In the following sections, we provide the ratings for a database of Polish (Study I) and English (Study II) gender stereotypically congruent and incongruent sentences as well as semantically correct and incorrect sentences (baseline conditions), as assessed in terms of their meaningfulness, probability of use, and stereotypicality. We also show whether and how respondents’ individual differences (i.e., gender and gender schema) modulate raters’ perception of the stimuli. The ratings reported in the present article aim to broaden researchers’ stimulus choices and allow for consistency across different laboratories and research projects on gender stereotype processing.

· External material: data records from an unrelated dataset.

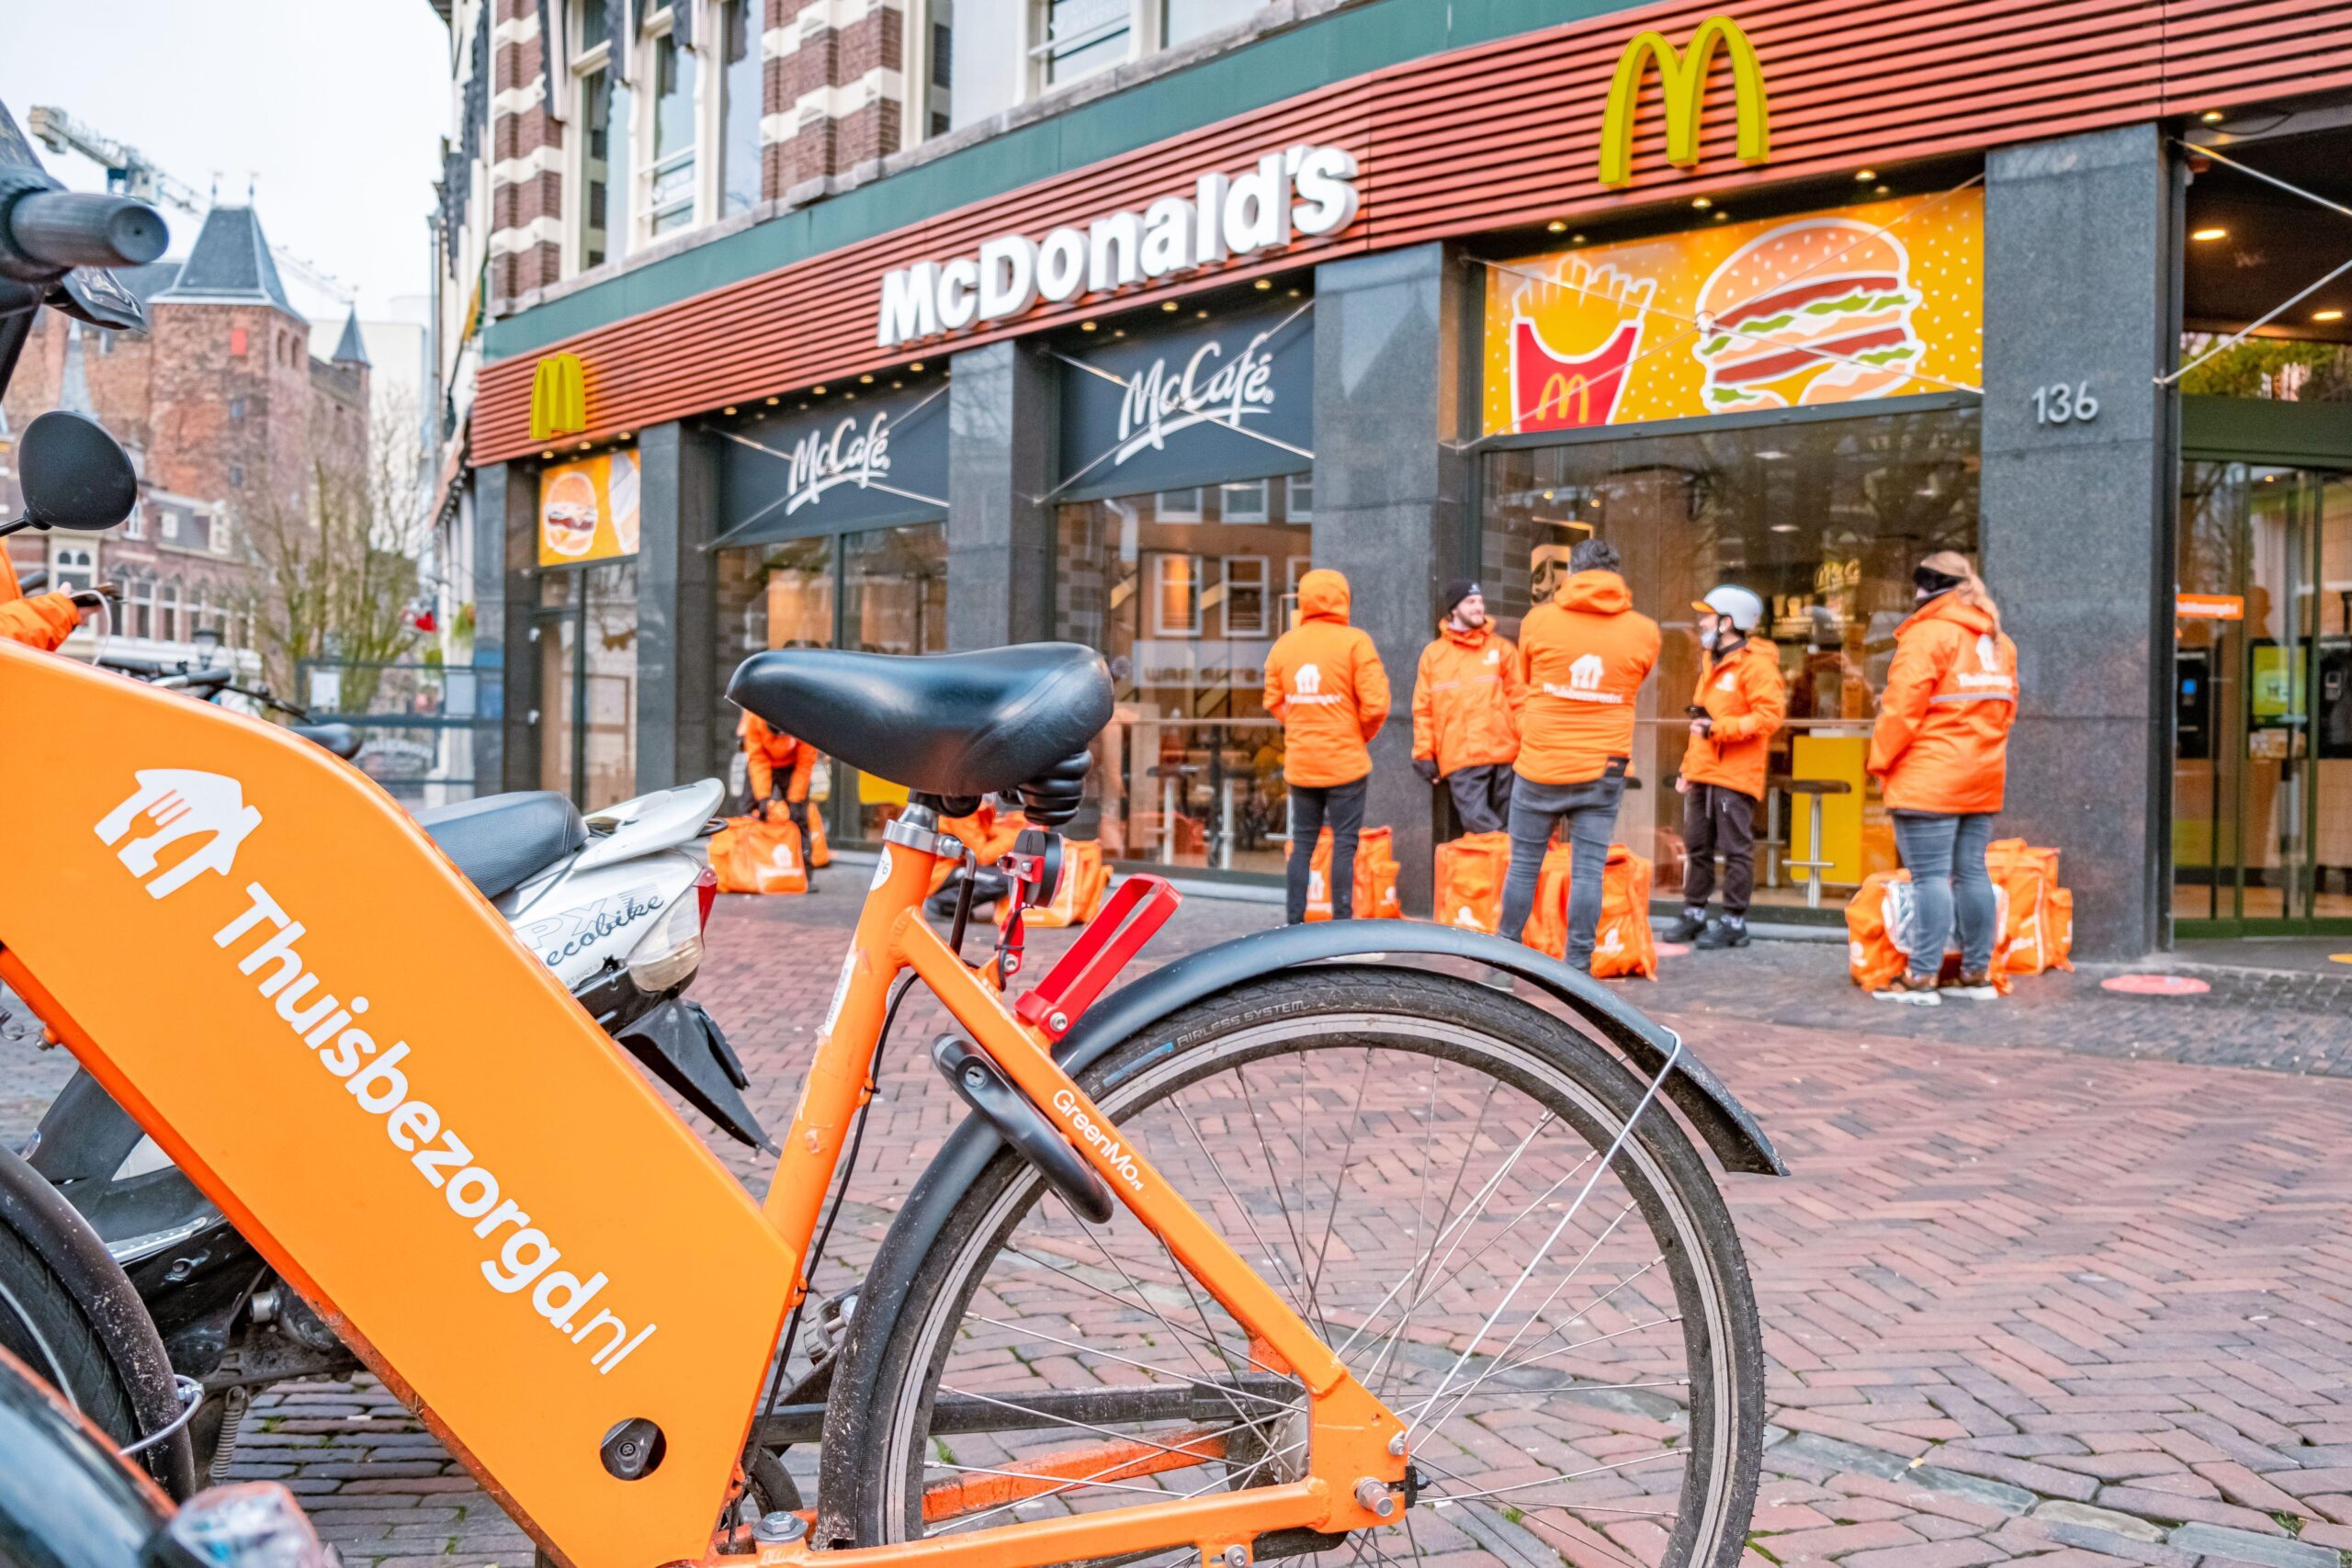 A pilot scheme at Amsterdam’s Schiphol Airport involved a partnership with an airline technology company, iFLEAT, and a local food delivery provider, Thuisbezorgd, part of Just Eat Takeaway airline food delivery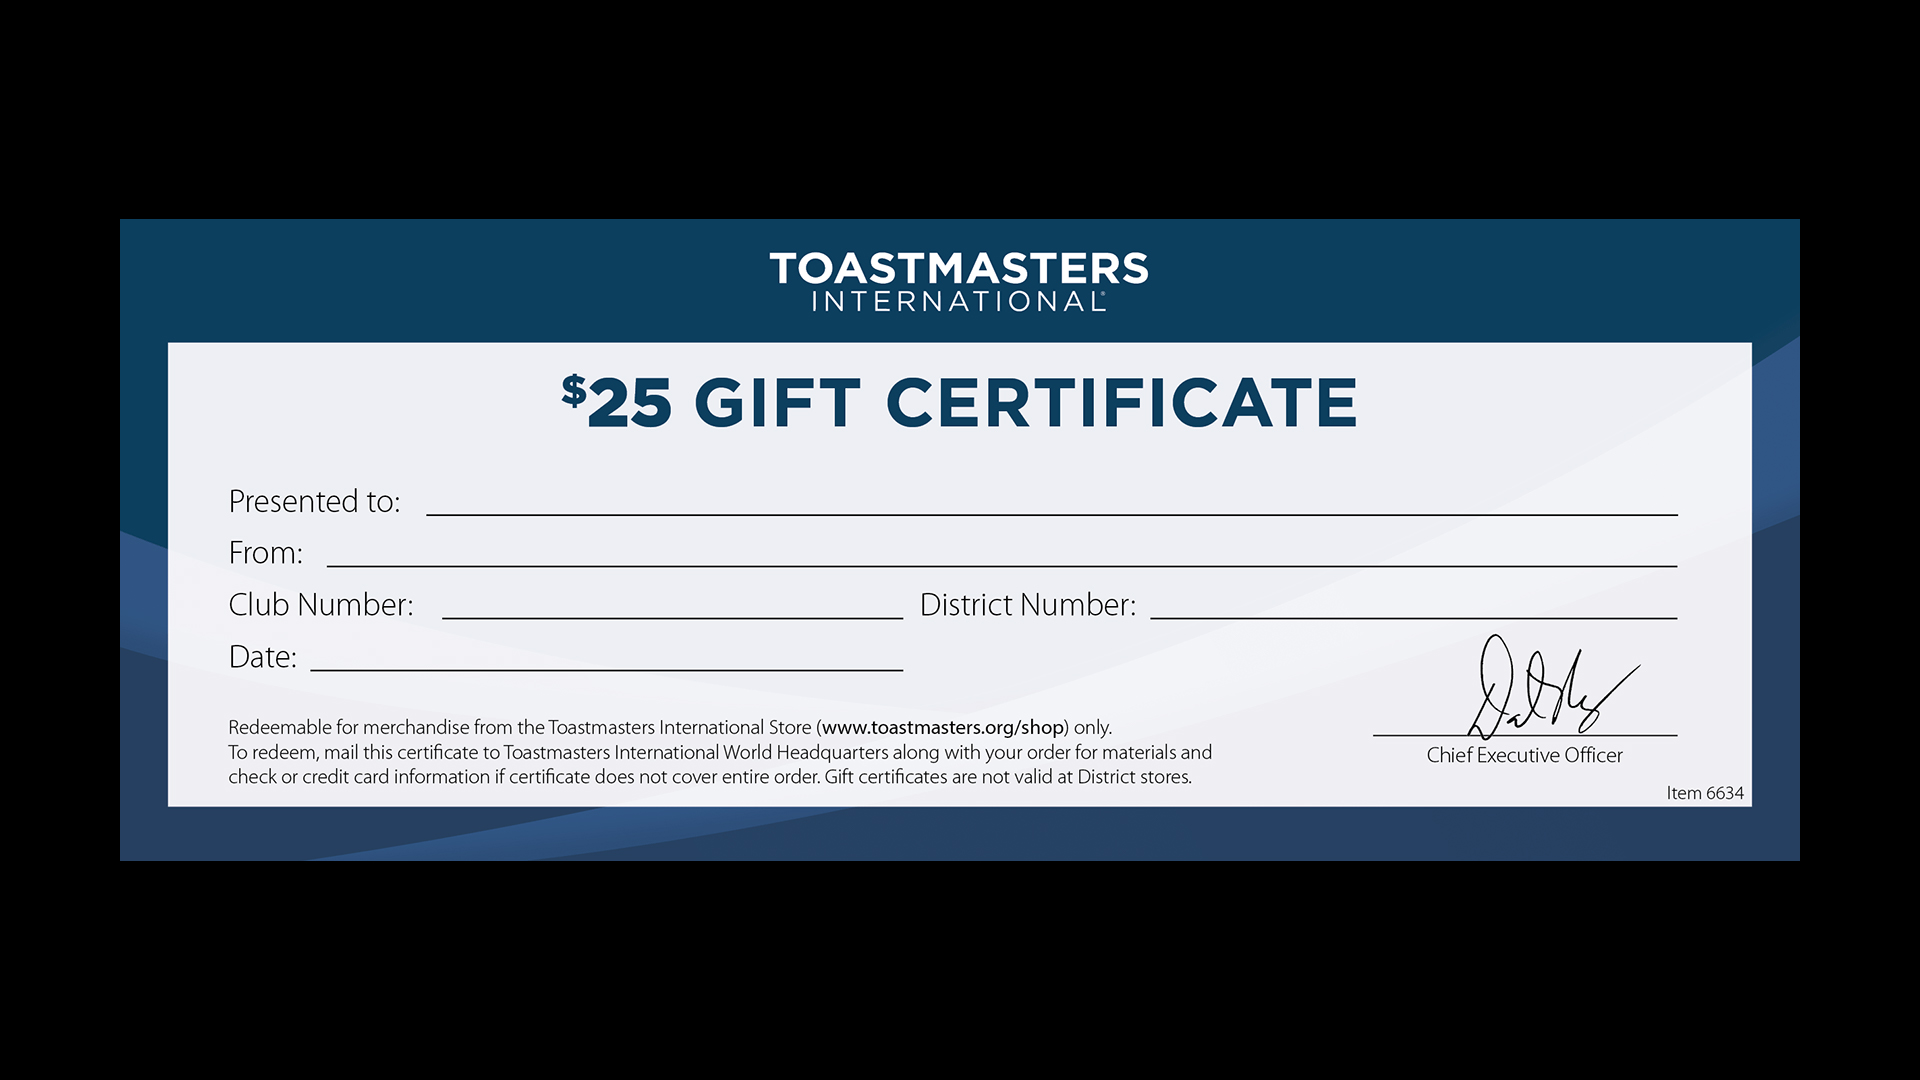 A $25 Toastmasters Gift Certificate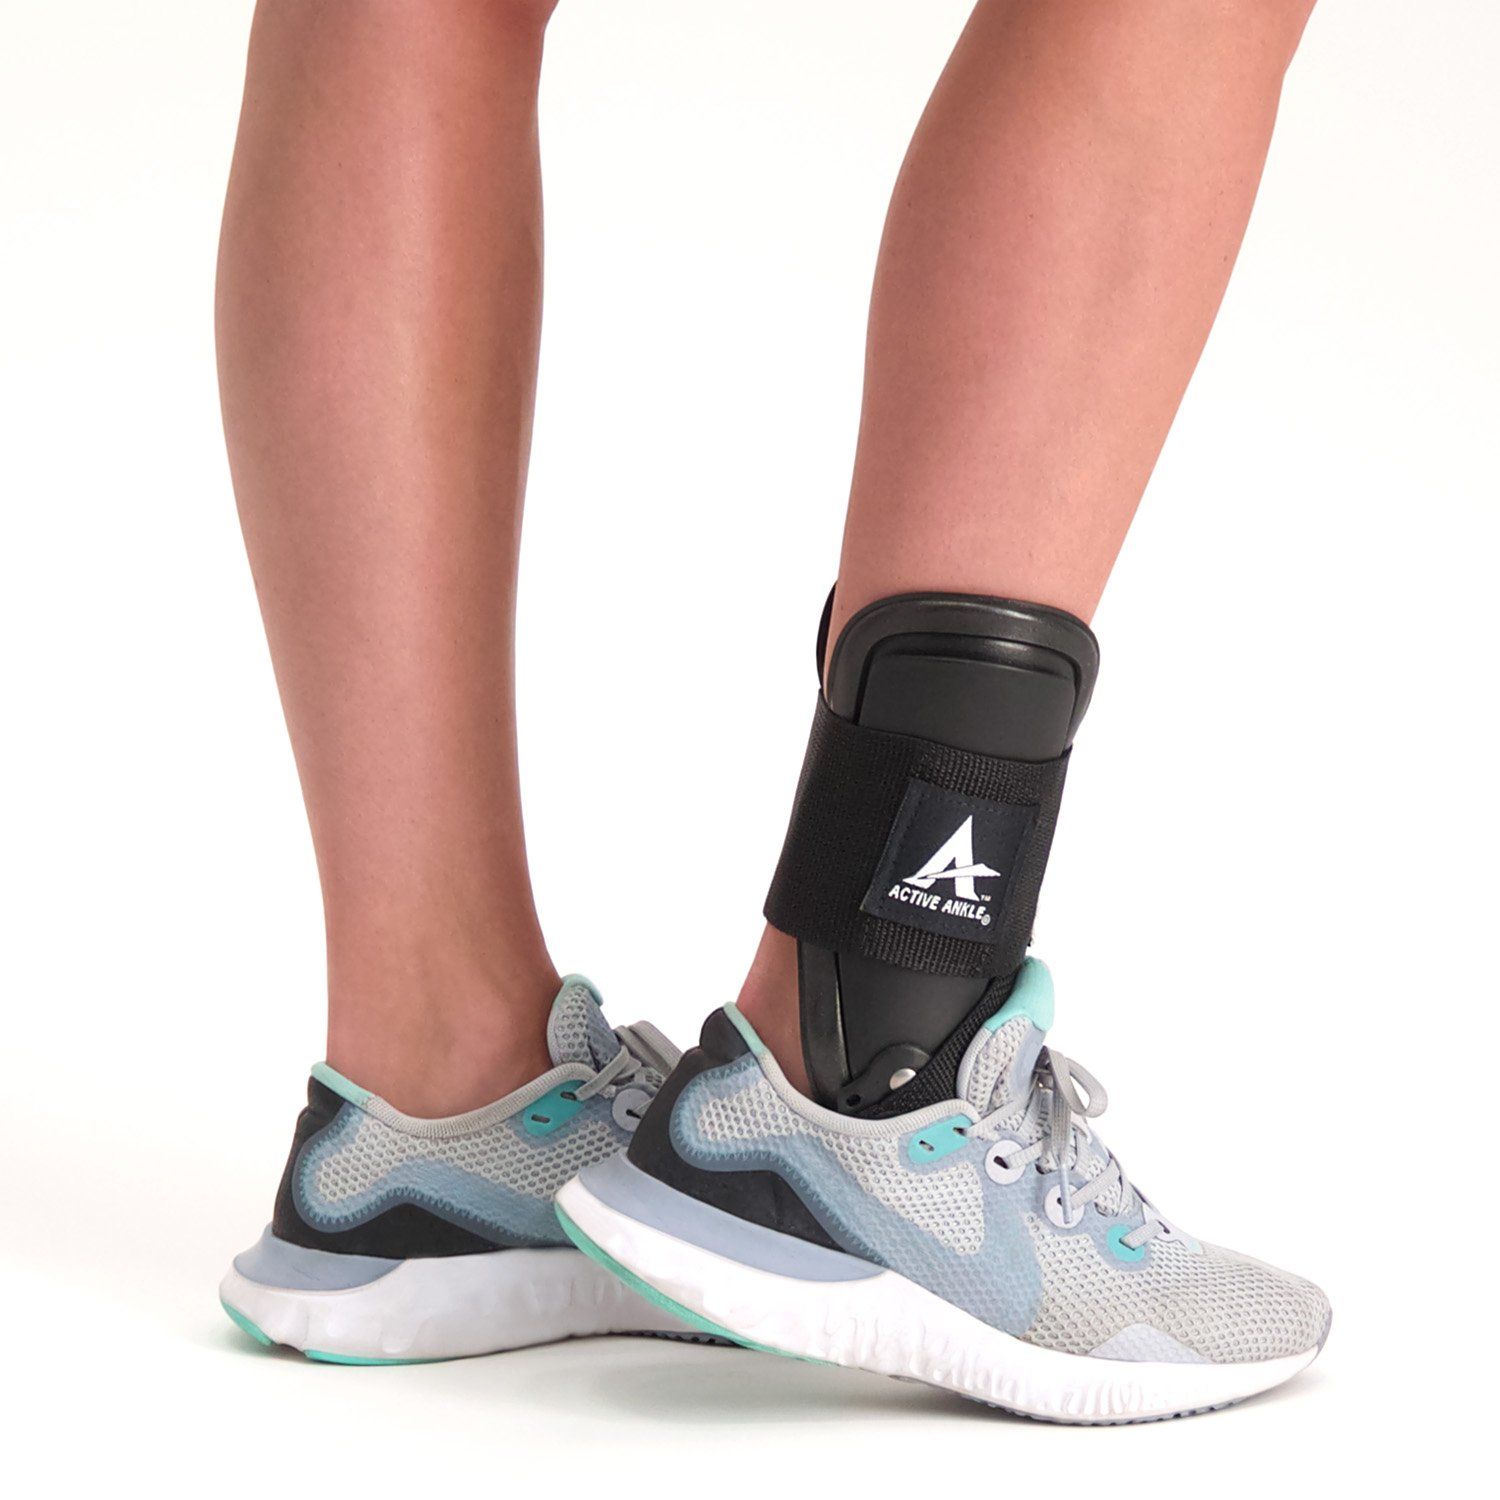 Active Ankle T2 Sports Ankle Support side view

2. Study I: The perception of Polish sentences

2.1. Methods

2.1.1. Participants.

The original sample included 507 native speakers of Polish (257 females, 250 males), 35 (7.42%) of whom were excluded due to providing incomplete answers. Accordingly, statistical analyses were based on responses from 472 participants (240 females, 232 males), distributed across three surveys (see section 2.1.3 for more details): the meaningfulness (177 participants; 90 females, 87 males), probability of use (148 participants; 75 females, 73 males), and stereotypicality surveys (147 participants; 75 females, 72 males). Participants’ ages ranged from 18 to 40 years old (M = 25.36 years, SD = 4.18; meaningfulness: M = 25.48, SD = 4.20; probability of use: M = 25.35, SD = 4.30; stereotypicality: M = 25.22, SD = 4.07). Overall, almost half of the participants (45.76%) completed high school at most, over one fourth (28.39%) had a bachelor’s degree, and one fifth (20.97%) had a master’s degree.

2.1.2. Stimuli.

The stimuli designed for Study 1 consisted of 480 declarative sentences, divided into four categories: 120 stereotypically congruent (e.g., Their niece became a hairdresser immediately after graduating.), 120 stereotypically incongruent (e.g., Their nephew became a hairdresser immediately after graduating.), 120 semantically correct (e.g., There is only one hairdresser with such experience.), and 120 semantically incorrect sentences (e.g., The cooks seasoned the hairdresser with fresh chili.). The two gender-stereotyped conditions (stereotypically congruent and incongruent sentences) featured 50% of female stereotype-biased and 50% of male stereotype-biased sentences. The sentences were controlled for length (M = 8.0; range: 7–9), and included a stereotypically feminine (n = 60 per sentence type) or masculine (n = 60 per sentence type) critical noun placed in a mid-sentence position (i.e., always as the third word from the end). The critical nouns were selected so as to stereotypically, yet not explicitly, activate a male or female referent; a doll; a car). The critical words were all matched on length, the number of letters and syllables, frequency (SUBTLEX-PL [25]), valence, arousal, concreteness, and age of acquisition [26].

2.1.3. Procedure.

The present study was conducted as a part of a research project approved by the Ethics Committee for Research Involving Human Participants at Adam Mickiewicz University, Poznań (Resolution No. 12/2021/2022). All participants provided their written informed consent before taking part in the study. Ratings were collected using online surveys (SurveyMonkey, Momentive Inc.) between May and September 2022. Each participant was randomly assigned to one type of the surveys: the meaningfulness, probability of use, or stereotypicality surveys. Each survey took approximately 10 minutes to complete.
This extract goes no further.